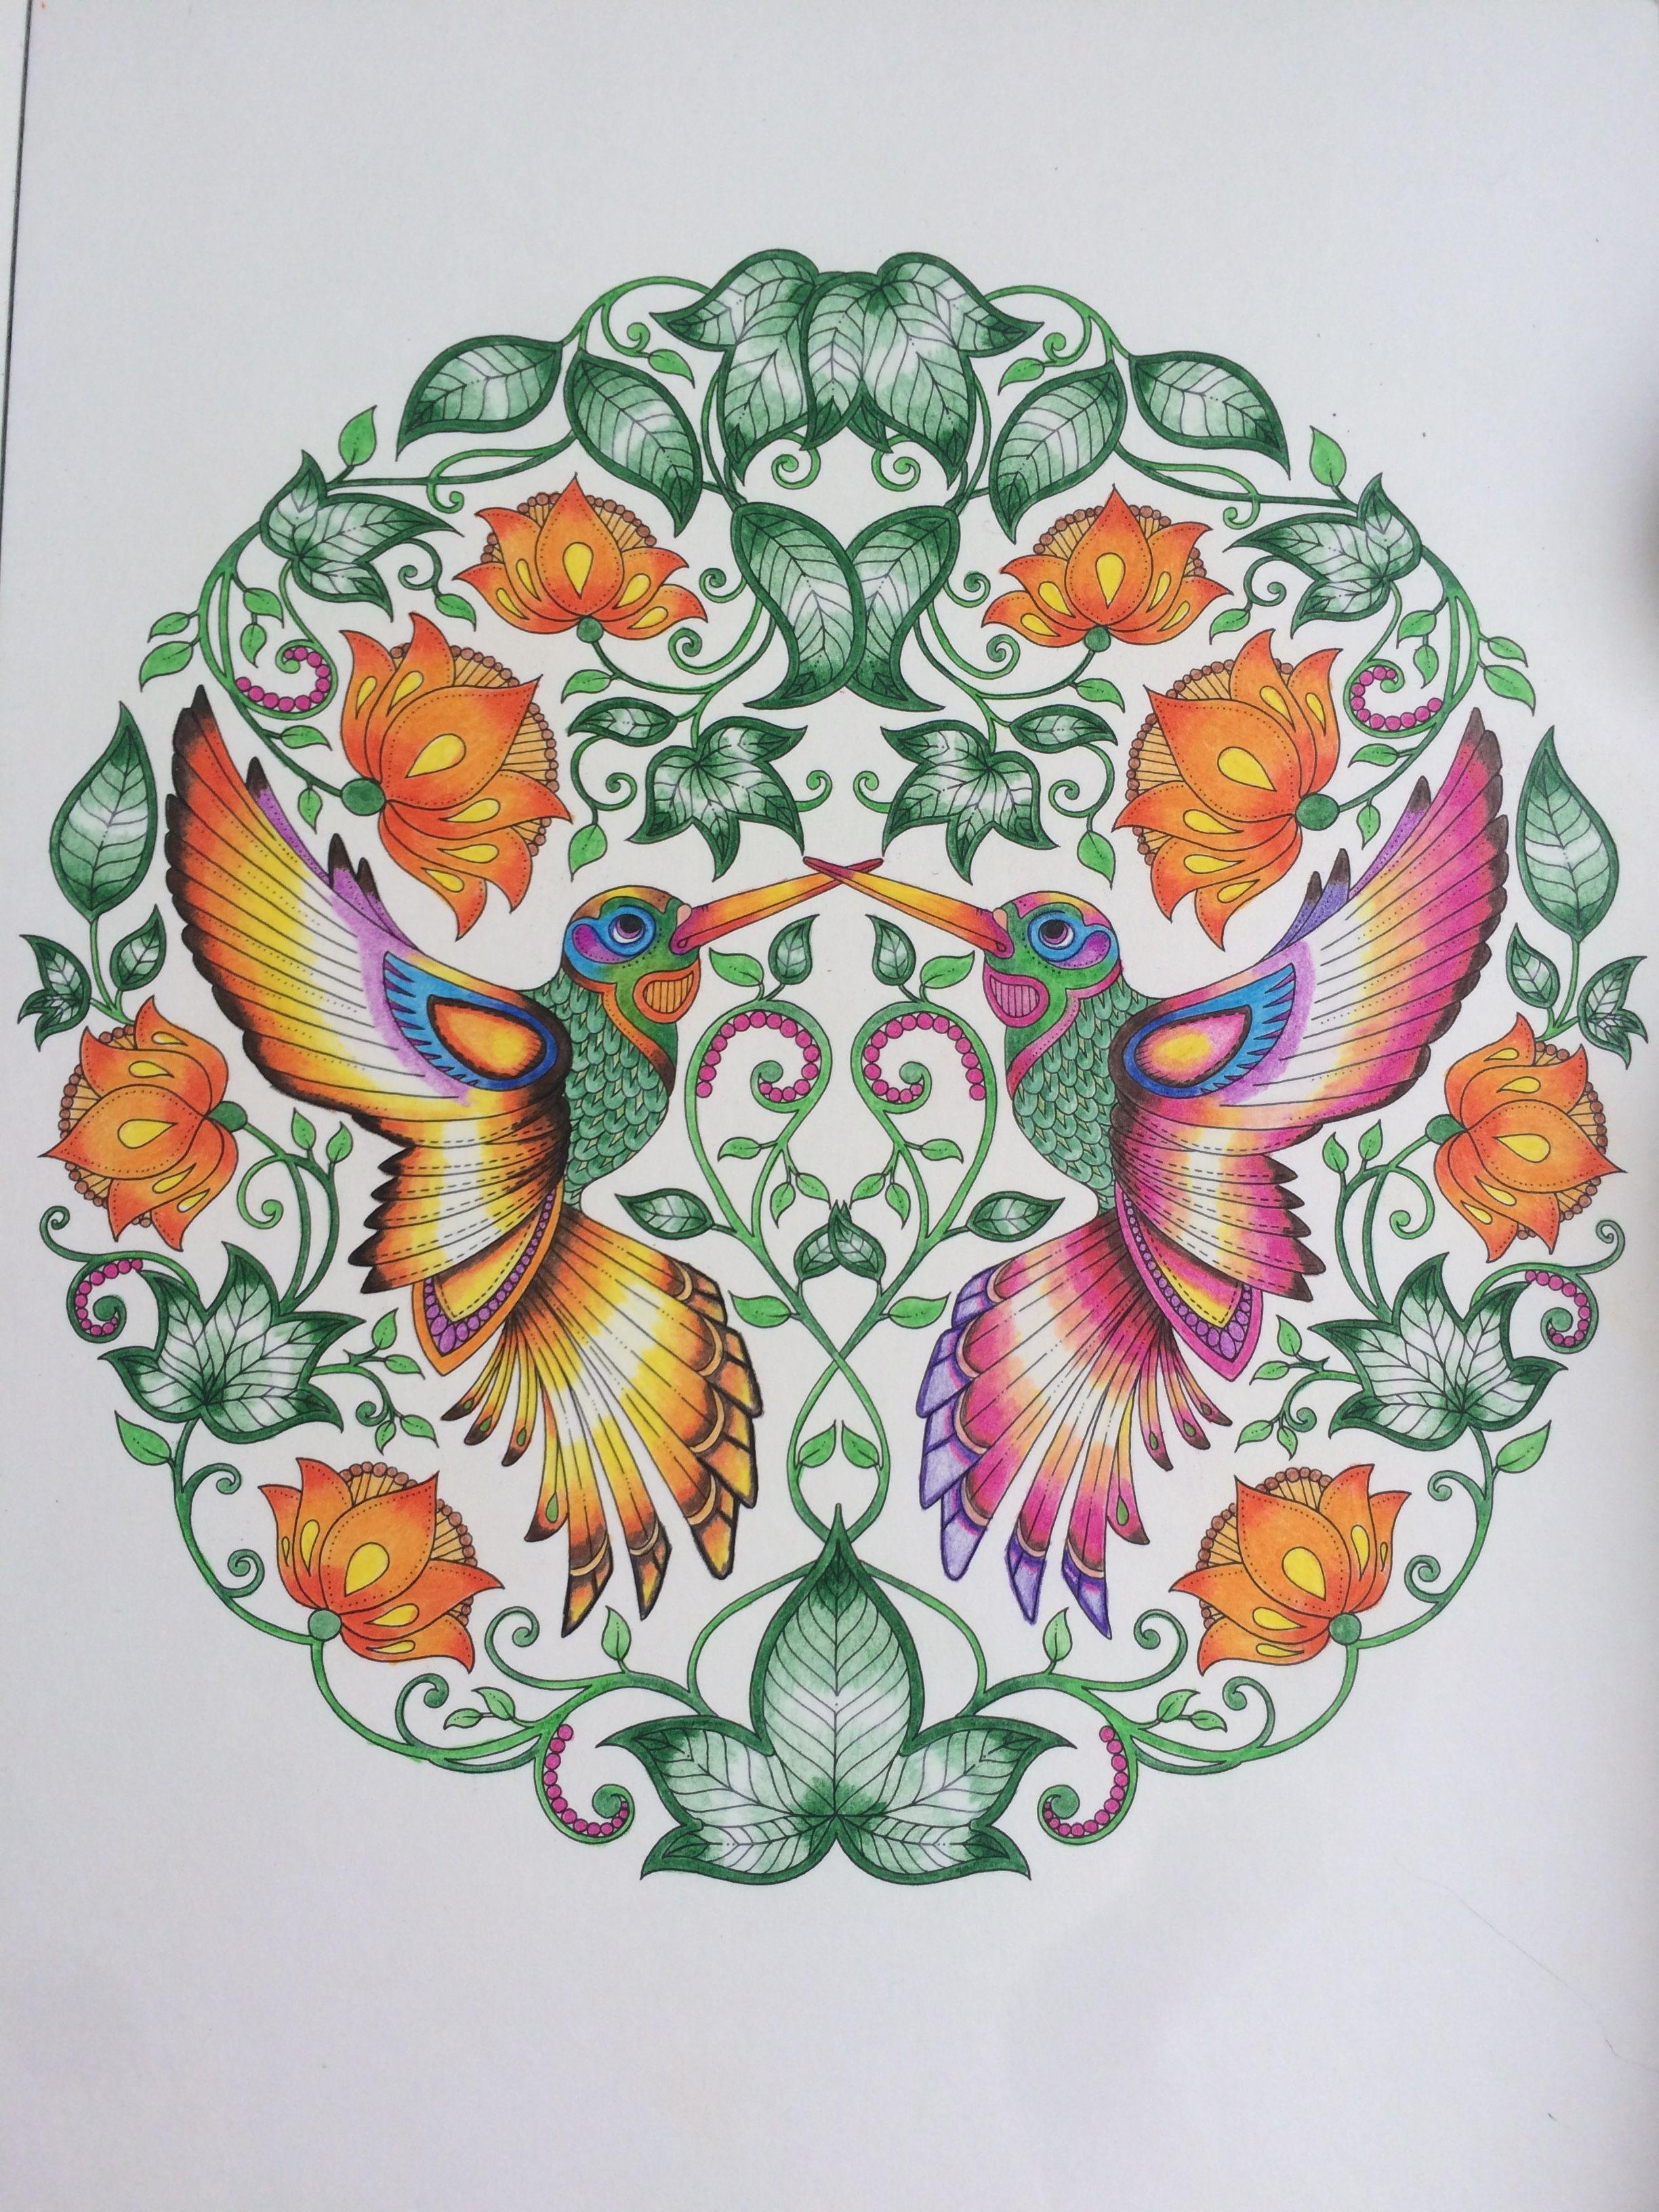 No Facebook Adult Coloring Pages Books Colored Pencils Johanna Basford Secret Garden Colouring Birds
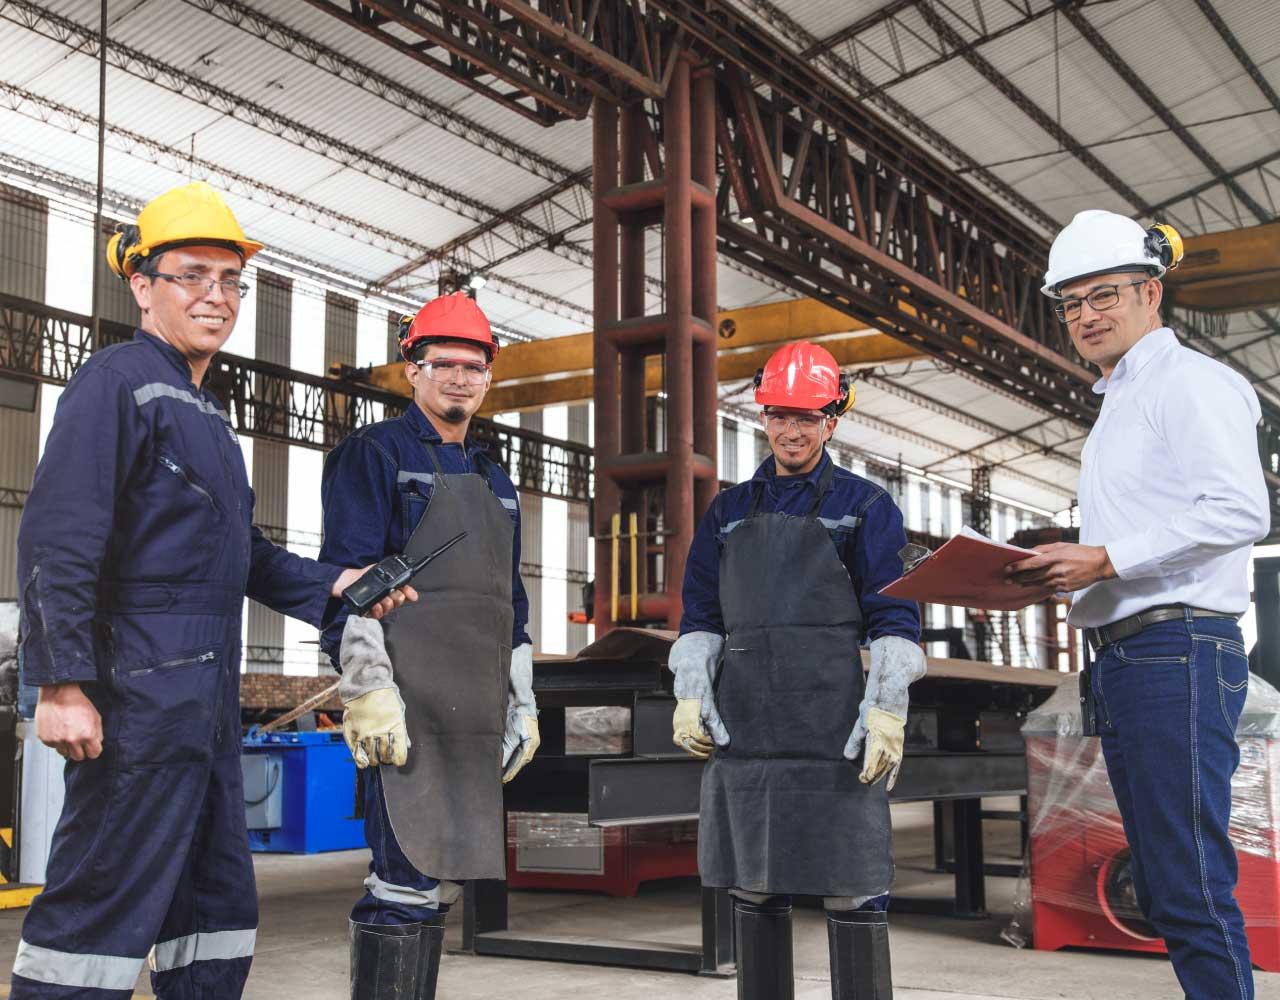 grupo-siderurgico-reyna-nosotros
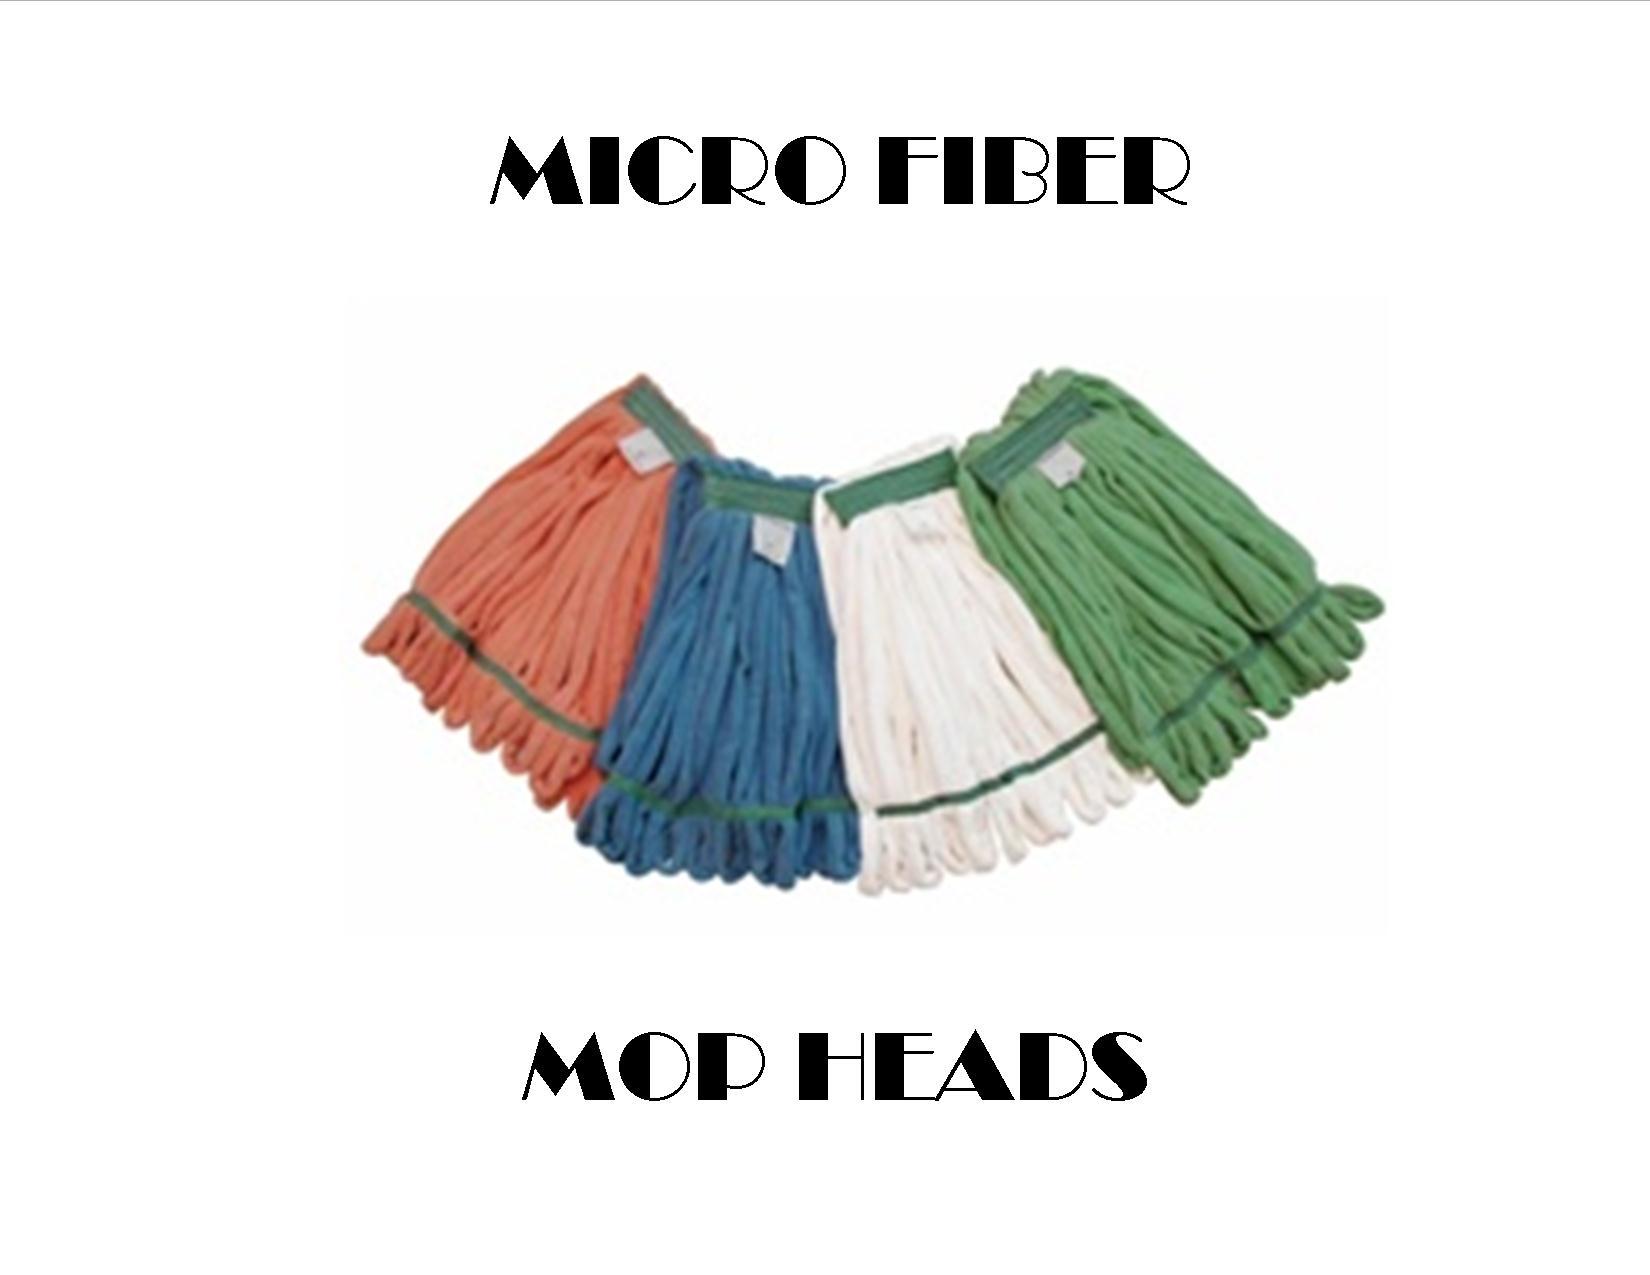 Microfiber Mop Heads Microfiber Mop Heads 4

Work to be completed: Your output should be the lines from the one with "grupo-siderurgico-reyna-nosotros" through the end of the listing, copied exactly and with the pictures left out.

Written response:
 grupo-siderurgico-reyna-nosotros
 Microfiber Mop Heads Microfiber Mop Heads 4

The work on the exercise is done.